Korean J. Pl. Taxon. 2022;52(1):24-28
Publication date (electronic) : 2022 March 31
doi :
National Biodiversity Centre, Ministry of Agriculture and Forests, Serbithang, P.O. Box 875, Thimphu 11001, Bhutan
Corresponding author Rinchen DORJI, E-mail:
Received 2021 November 17; Revised 2021 December 19; Accepted 2021 December 30.


Pteris griffithii Hook., one of the rarest fern species on the Indian subcontinent, is reported from Bhutan for the first time. The identity of this species was confirmed through morphological determination at the National Herbarium (THIM) of the National Biodiversity Centre (NBC) of Bhutan. It was found only in one location, in Gyelpozhing in eastern Bhutan, at an elevation of 521 m a.s.l. on 10 January 2016. Given that a very limited study of this species was conducted, the knowledge baseline with regard to its distribution is poor. It is also reported that this species has not been found for several years. The species is also considered to be very rare or critically endangered in some countries; however, there are no assessments on the International Union for Conservation of Nature (IUCN) Red List for this particular species. This paper attempts to provide baseline information considering its rarity and data deficiency. This species is also reported from the adjacent neighboring Indian state of Arunachal Pradesh as very rare, and also from Myanmar; however, confirmation of its presence in China is not clear at this time. Therefore, considering its data deficient status, we attempt to document it scientifically to create a knowledgebase pertaining to this particular species. Concurrently, this species merits further research to understand its distribution patterns in Bhutan and any related anthropogenic threats.


Bhutan lies between China and India, with the lowest elevation at 97 m a.s.l. (above sea level) in southern Bhutan and the highest peak, Gangkhar Phuensum rises to 7,570 m a.s.l. The Bhutanese Himalayan regions us a part of one of the biodiversity hotspots in the world, the Eastern Himalayas (National Biodiversity Centre, 2019). The country is well bestowed with diverse flora and fauna with new species discovered almost every year, despite being a small country with lower taxonomic studies (Gyeltshen et al., 2018). Studies on some of the groups are well studied, such as mammals, flowering plants, and birds; however, the study on pteridophytes (ferns and lycophytes) are still remain understudied. Thus, not much information is available in Bhutan on Pteris griffithii Hook. and other pteridophytes in general.

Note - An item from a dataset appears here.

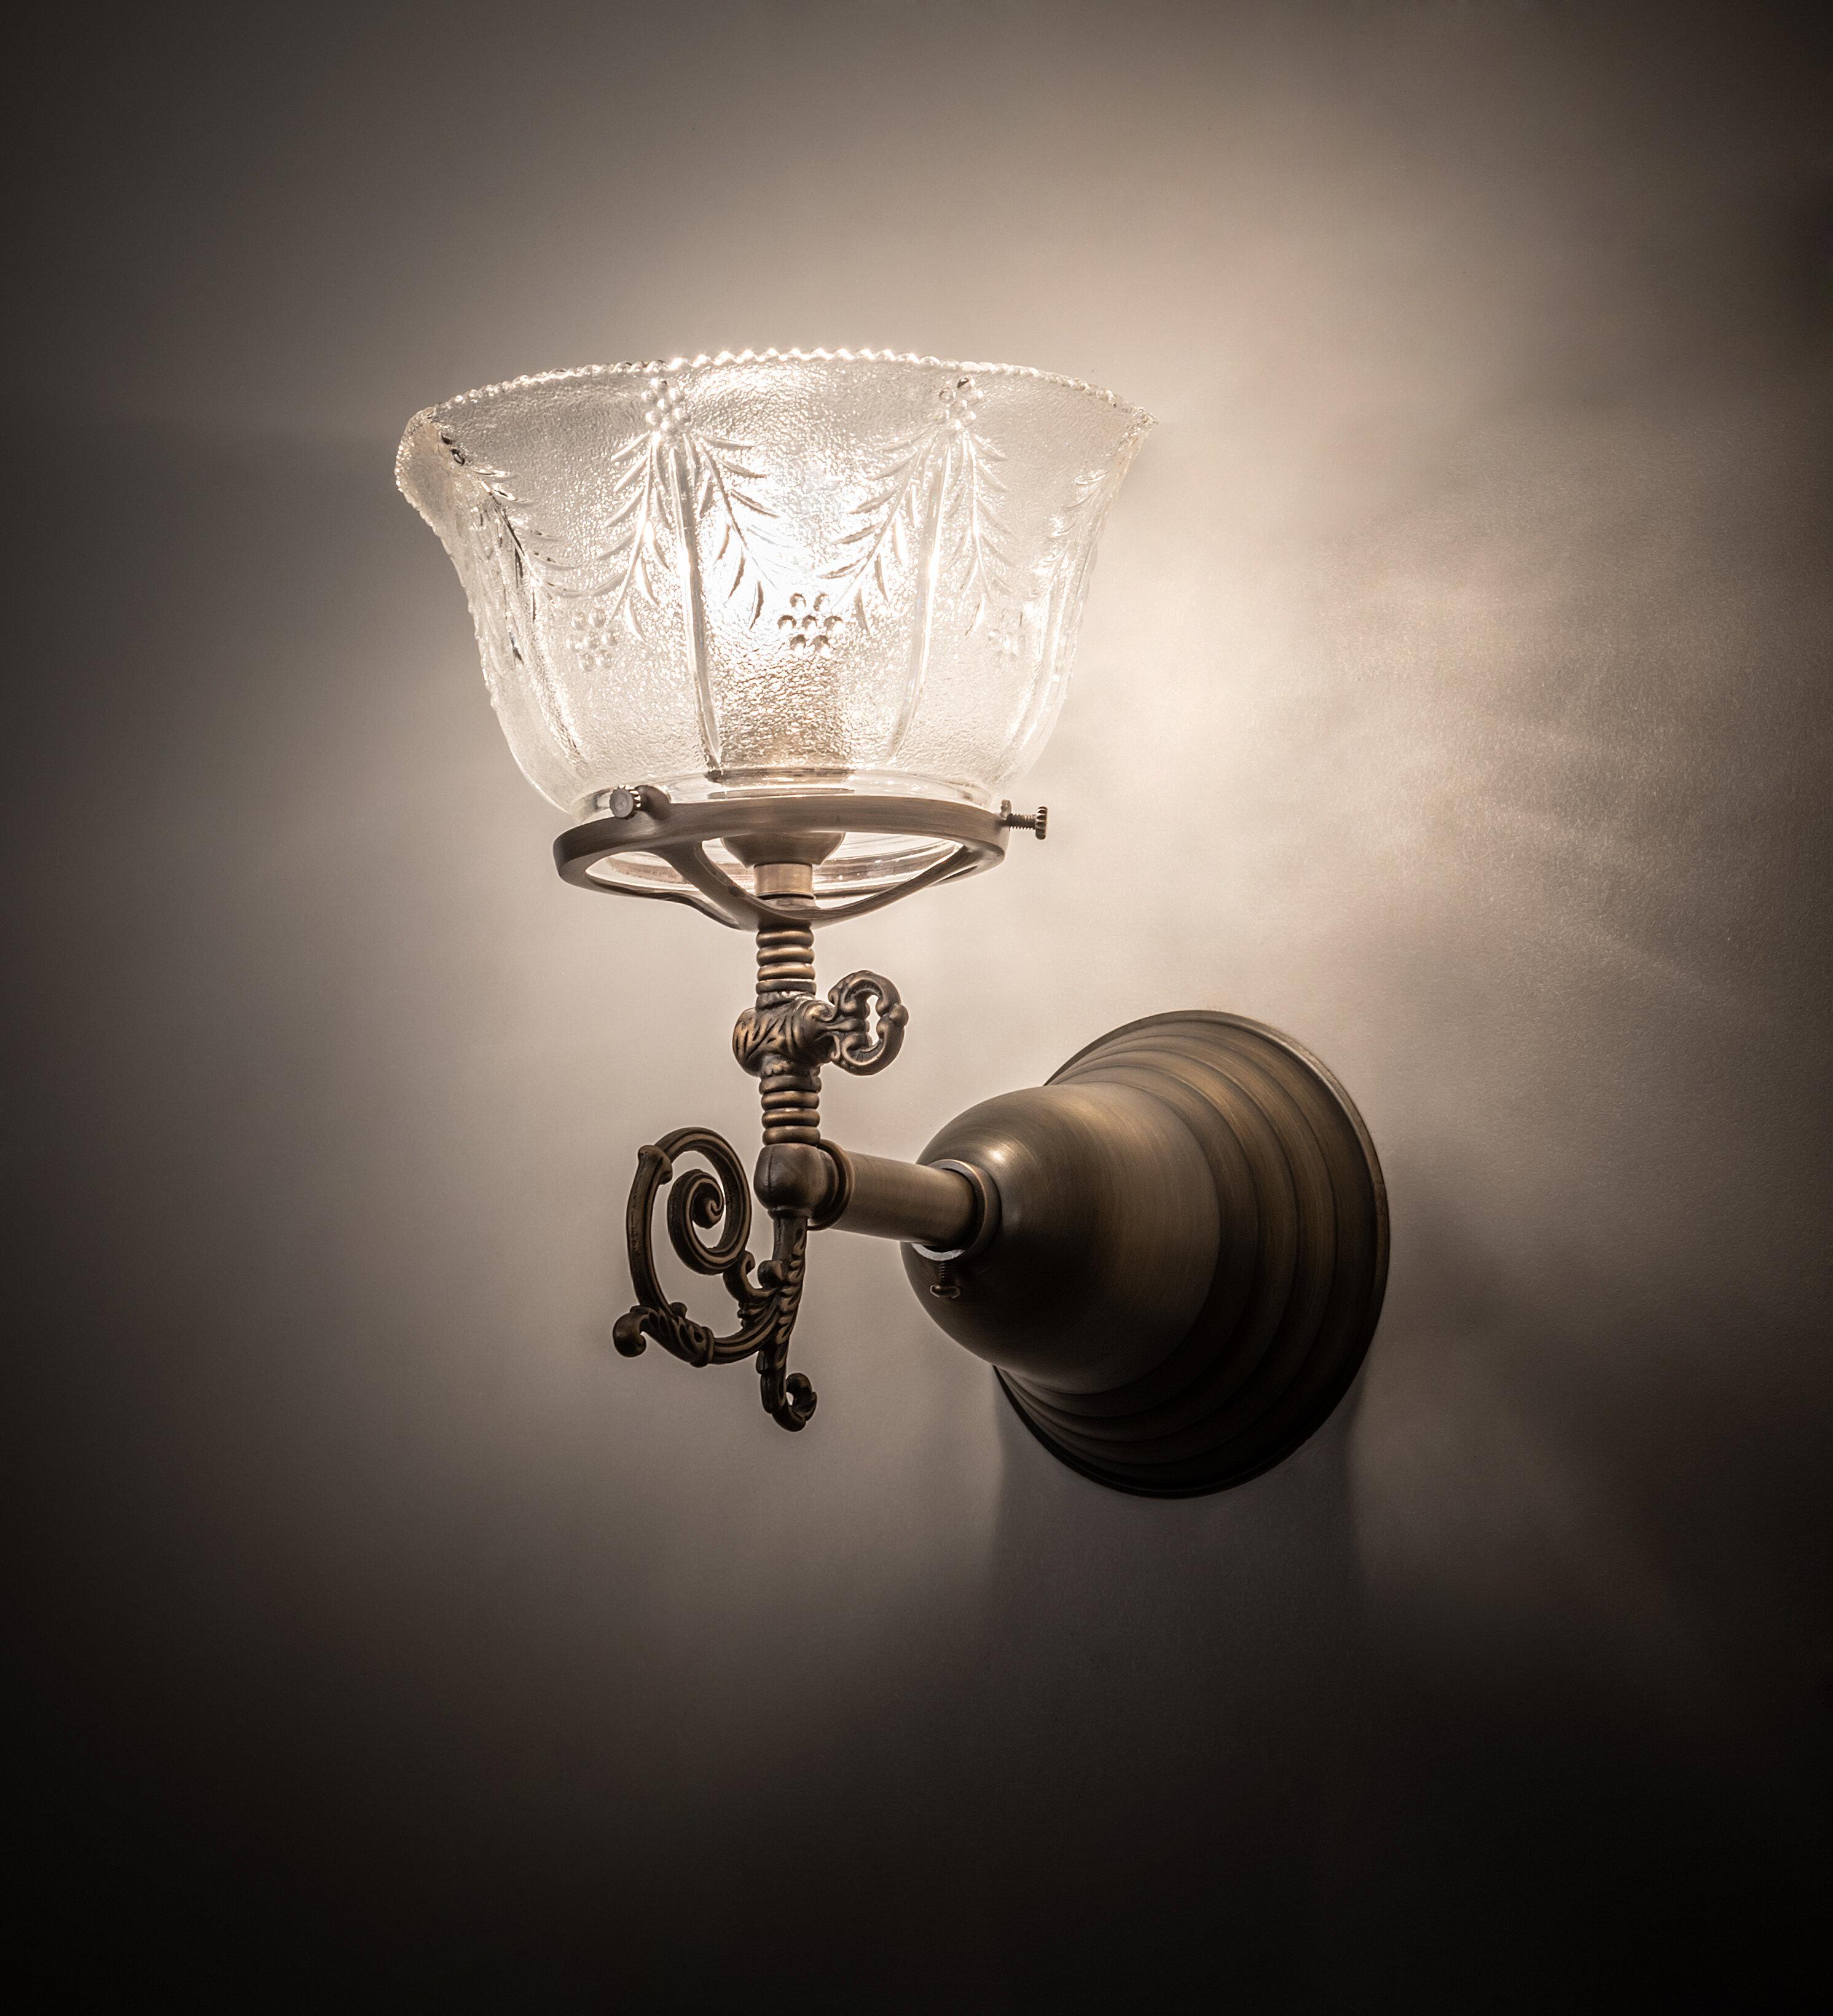 Meyda Tiffany 1-Light Revival Auburn Wheat Gas Wall Armed

One-third of the world’s pteridophytes diversity around 4,500 species is found in Southeast Asia, and among these 101 threatened pteridophytes species occurs in South Asia (Ebihara et al., 2012). Fraser-Jenkins et al. (2009) attempted to develop checklist on pteridophytes of Bhutan, of which 411 species of pteridophytes are reported. The checklist consists of 27 families and 88 genera. More number of pteridophytes species are expected to occur in Bhutan since not many studies have been carried out since Fraser-Jenkins et al. (2009), although few small-scale types of research have been conducted as a part of bachelors thesis (Dorji, 2016). However, in the checklist developed by Fraser-Jenkins et al. (2009), he reported a new species Asplenium rebeccae Fraser-Jenk. & Wangdi and a new natural hybrid Asplenium × tandinii Fraser-Jenk., which appears to be an unresolved name. Likewise, Asplenium rebeccae is not established either as an accepted name or as a synonym. Similarly, Asplenium × tandinii Fraser-Jenk., which is assumed to be hybrid of Asplenium rebeccae Fraser-Jenk. × Asplenium laciniatum D. Don subsp. tenuicaule (Hayata) Fraser-Jenk., is also not an accepted name or a synonym (The Plant List, 2018; Catalogue of Life, 2018; Global Biodiversity Information Facility, 2017; Fraser-Jenkins, 2008). Thus, the number of fern species reported by Fraser-Jenkins et al. (2009) may be reduced to 409.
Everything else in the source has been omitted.